Posted to solr-user@lucene.apache.org by Dominique Bejean <do...@eolya.fr> on 2018/03/08 21:55:28 UTC

What are descent disk I/O for Solr and Zookeeper ?

Hi,

Disk I/O are critical for high performance Solrcloud.
I am looking for relevante disk I/O tests for both Solr node or Zookeeper
element and with these tests what are bad, correct or good results.

For instance how to know if these results with basic dd utility reports
correct disk performances ? And are these tests relevants ?

Write small files
# dd if=/dev/zero of=test bs=4k count=1024k conv=fdatasync
4294967296 bytes (4.3 GB) copied, 4.14932 s, 1.0 GB/s

Write medium files
# dd if=/dev/zero of=test bs=64k count=64k conv=fdatasync
4294967296 bytes (4.3 GB) copied, 3.07326 s, 1.4 GB/s

Write large files
# dd if=/dev/zero of=test bs=1024k count=4k conv=fdatasync
4294967296 bytes (4.3 GB) copied, 2.97767 s, 1.4 GB/s

Read small files
# dd if=test of=/dev/zero bs=4k
4294967296 bytes (4.3 GB) copied, 0.707424 s, 6.1 GB/s

Read medium files
# dd if=test of=/dev/zero bs=64k
4294967296 bytes (4.3 GB) copied, 0.545915 s, 7.9 GB/s

Read large files
# dd if=test of=/dev/zero bs=1024k
4294967296 bytes (4.3 GB) copied, 0.578093 s, 7.4 GB/s


Regards

Dominique



-- 
Dominique Béjean
06 08 46 12 43

Re: What are descent disk I/O for Solr and Zookeeper ?

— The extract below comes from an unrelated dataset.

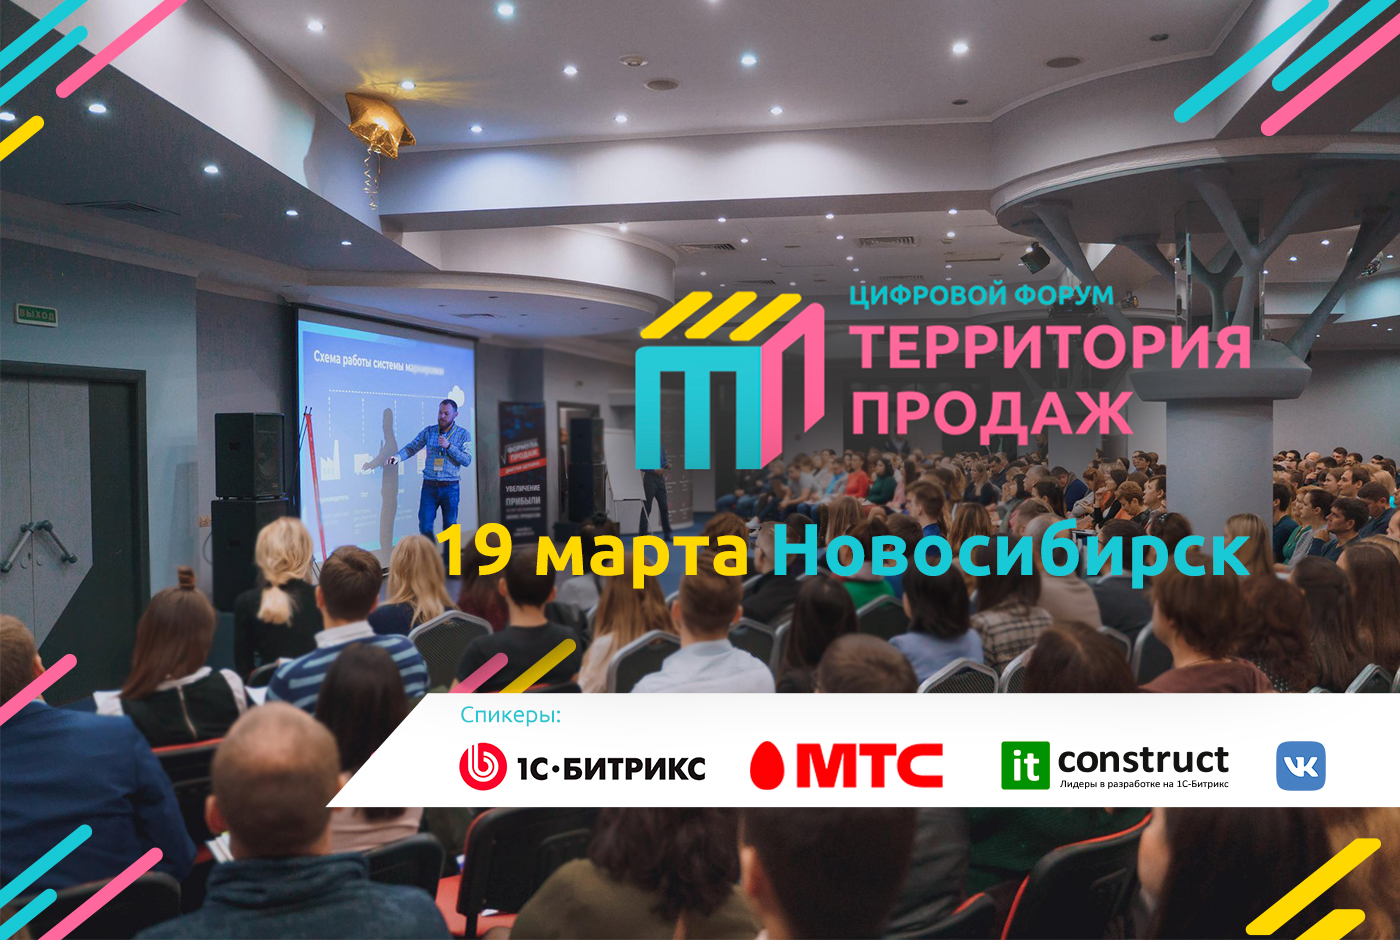 Генеральная прокачка продаж на форуме в Новосибирске 19 марта

Posted by Dominique Bejean <do...@eolya.fr>.
Hi Shawn,

I agree on Disk I/O versus available memory about Solr performances.
However for heavy indexing and heavy searching context, even with a lot of
RAM, disk I/O should be critical.

My concern is also about write I/O for Zookeeper transactions log. My
understanding is that is critical not as much for Solrcloud performances
but mainly for SolrCloud stability.

Sometimes even with best practices respect and all possible configuration
tuning, Solrcoud is not stable or not performant due to lake of hardware
resources. Monitoring CPU, CPU load, iowait, jvm GC, … should highlight
theses lake of ressources. If the hardware is undersized, we need metrics
in order to explain and demonstrate this to the customer (furthermore if
the infrastructure provider do not want admit there are issues with
hardware or virtualization). That was the meaning of my question about
“decent disk I/O”.

Regards

Dominique


Le ven. 9 mars 2018 à 00:40, Shawn Heisey <ap...@elyograg.org> a écrit :

> On 3/8/2018 2:55 PM, Dominique Bejean wrote:
> > Disk I/O are critical for high performance Solrcloud.
>
> This statement has truth to it, but if your system is correctly sized,
> disk performance will not have much of an impact on Solr performance.
> If upgrading to faster disks does improves long-term query performance,
> the system probably doesn't have enough memory installed.  There can be
> other causes, but that is the most common.
>
> When there is enough memory available to allow the operating system to
> effectively cache the index data, Solr will not need to access the disk
> much at all for queries -- all that data will be already in memory.
> Indexing will still be dependent on disk performance even when there is
> plenty of memory, because that will require writing new data to the disk.
>
> https://wiki.apache.org/solr/SolrPerformanceProblems
>
> This is my hammer.  To me, your question looks like a nail.  :)
>
> Thanks,
> Shawn
>
> --
Dominique Béjean
06 08 46 12 43

Re: What are descent disk I/O for Solr and Zookeeper ?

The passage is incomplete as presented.